Settling on a first-choice starting team is proving the most difficult in Ian Foster’s nine years with the All Blacks.
Rotation is set to be in full swing in the coming weeks as the All Blacks move on from their record-equalling 102-0 rout of Tonga to contemplate a two-test series against Fiji that will, hopefully, restore some credibility to the test arena.
The match against the understrength Tongan side, denied access to their leading European players due to Covid-19 challenges, did little to significantly enhance or diminish pecking orders within the All Blacks given the level of opposition allowed 16 tries to be scored – many of those with consummate ease.
What Tonga would give for the depth and class prevalent throughout Foster’s extended 36-man squad.
Aaron Smith, Brodie Retallick, Sevu Reece, Codie Taylor, David Havili, Hoskins Sotutu – all of whom watched on from the half full Mt Smart Stadium grandstands – are expected to be ushered in for the first test against Fiji in Dunedin on Saturday.
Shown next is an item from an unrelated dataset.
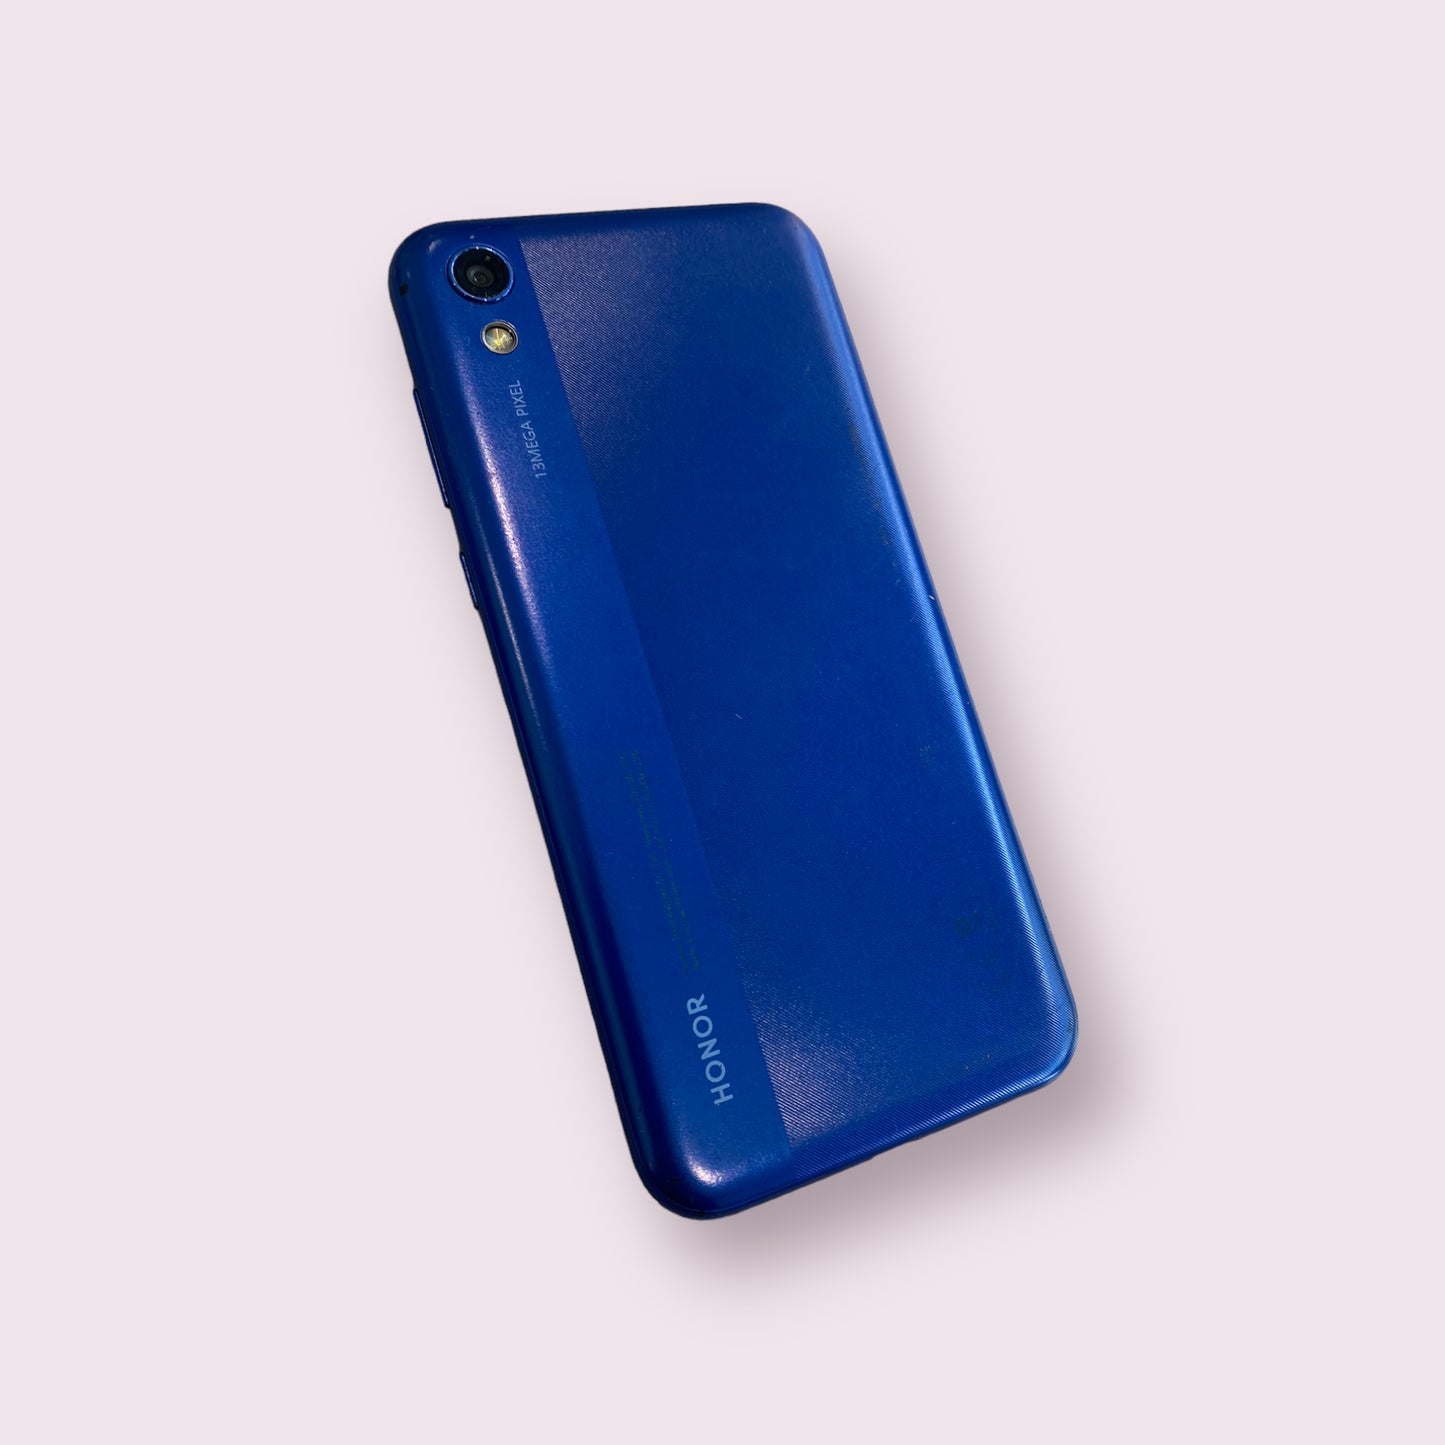 Huawei Honor 8S 32GB Blue Dual Sim - Unlocked - Grade B

That team is also likely to feature several other changes such as Beauden Barrett’s potential return to No 10.
From a fitness perspective Ardie Savea continues to battle the same knee he injured earlier this year and is therefore considered unlikely to play this week.
On Sunday All Blacks defence coach Scott McLeod confirmed fellow loose forward Shannon Frizell is yet to be cleared to return from his high ankle sprain, and that Blues openside Dalton Papalii sustained a calf strain against Tonga, leaving the All Blacks light in this department.
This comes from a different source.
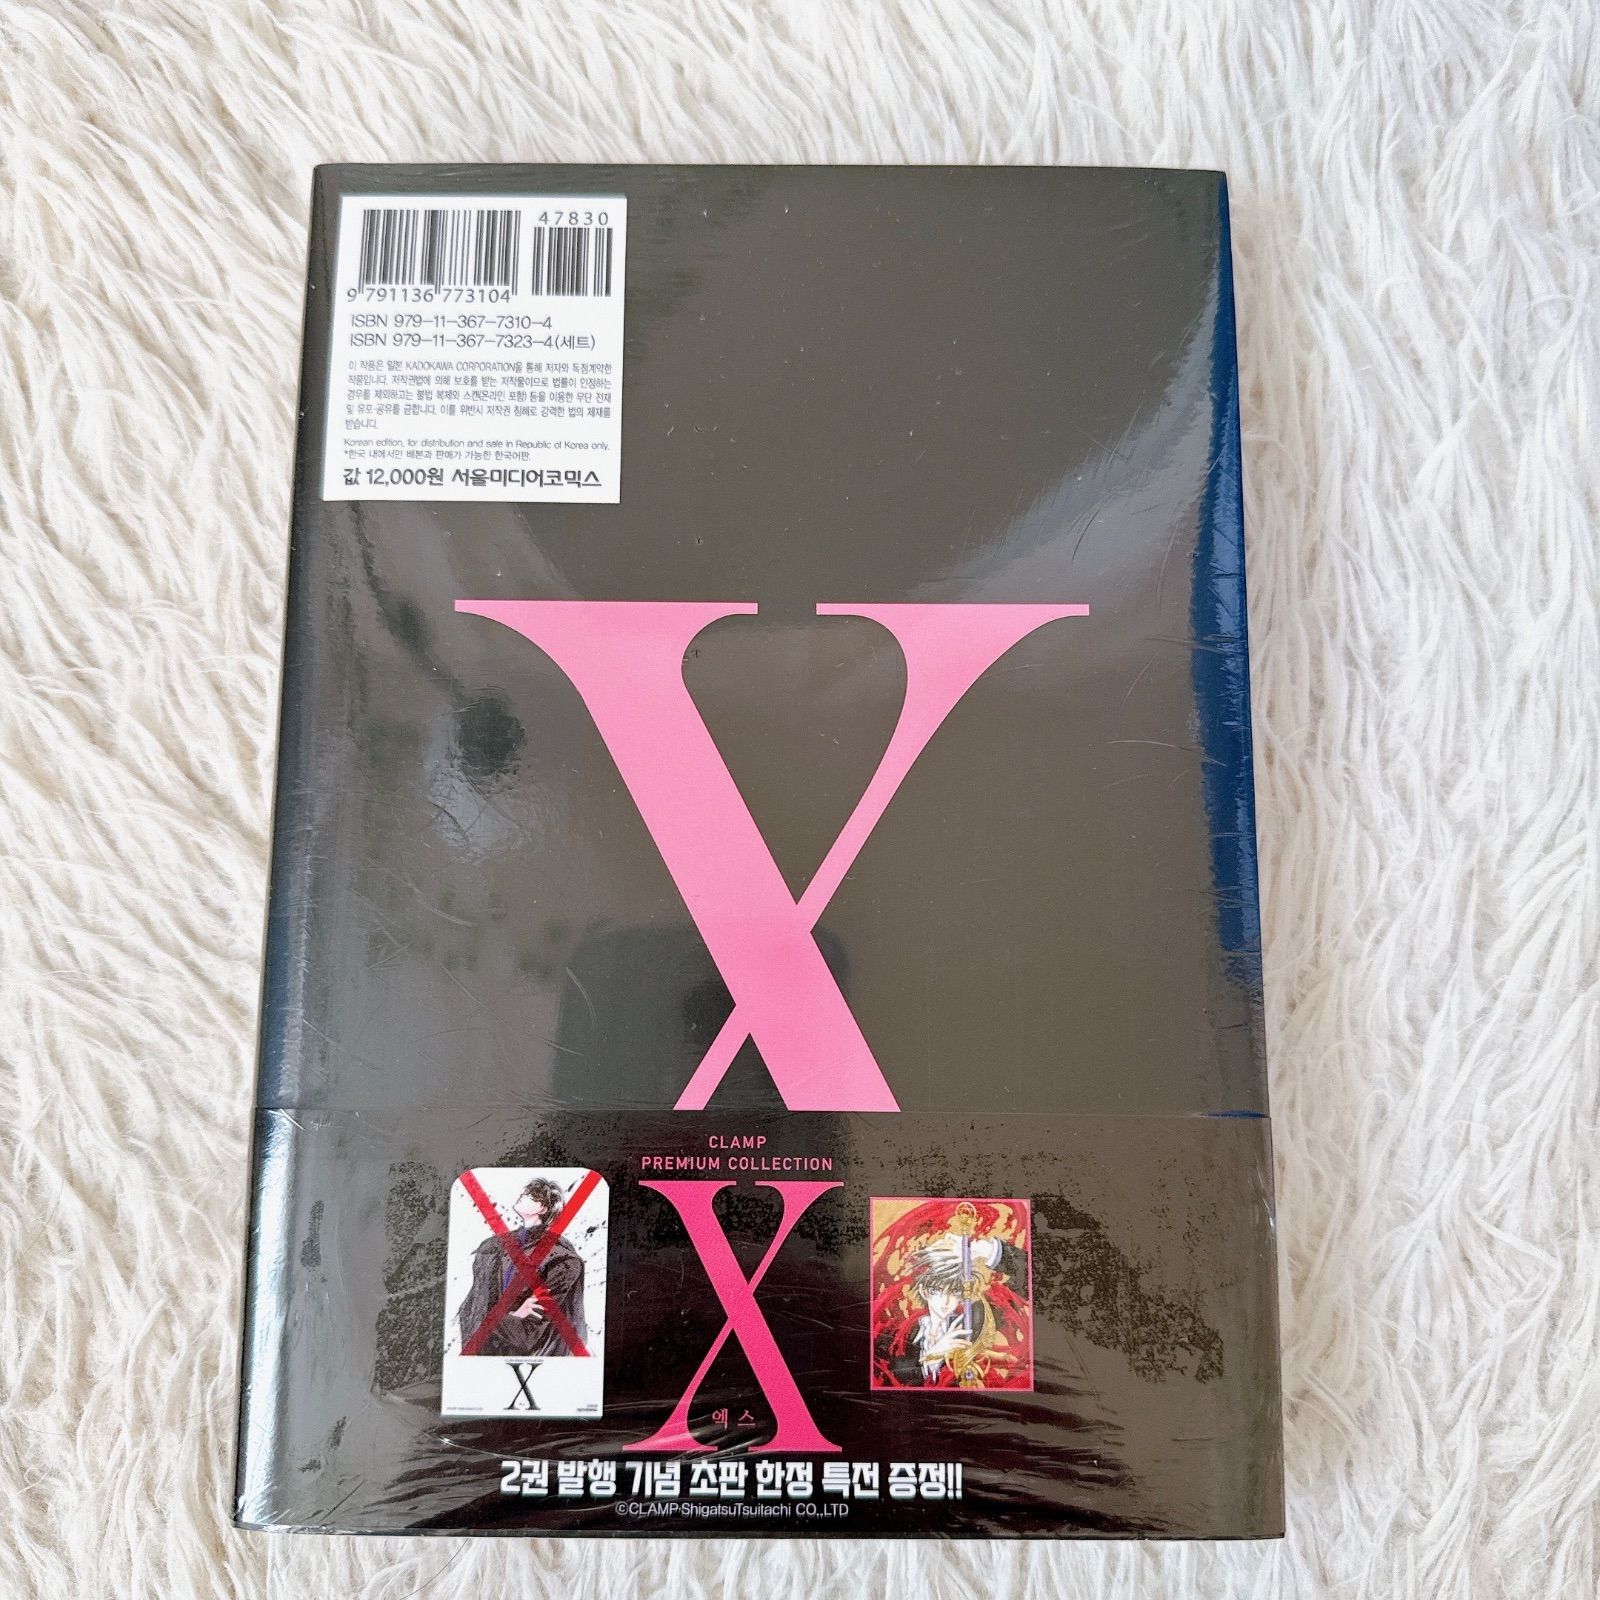 CLAMP X 2巻 韓国版 特典付き 韓国語 韓国限定 - メルカリ

“We have to wait until Tuesday. They’re both in a similar boat in terms of their availability,” McLeod said of Savea and Frizell. “We just have to test them a little bit more – it’s not as if they’re available as of today.
“Dalton came off as a precaution. Length or term we’re not too sure we’ll have to see how he unfolds over the next couple of days.”
Yet with Luke Jacobson, Akira Ioane, Sotutu and Ethan Blackadder in form, there should be no major concerns for the All Blacks. Jacobson or Blackadder, in what would be his second test appearance, are options to fill the No 7 void if Savea and Papalii are ruled out this week.
From the back three, where Damian McKenzie is applying heat to Jordie Barrett’s claims at fullback and Will Jordan’s five tries against Tonga staked his claims for another start on the wing, to the new-look midfield, first five-eighth, loose forwards, lock and front row, Foster has selection headaches all over the park.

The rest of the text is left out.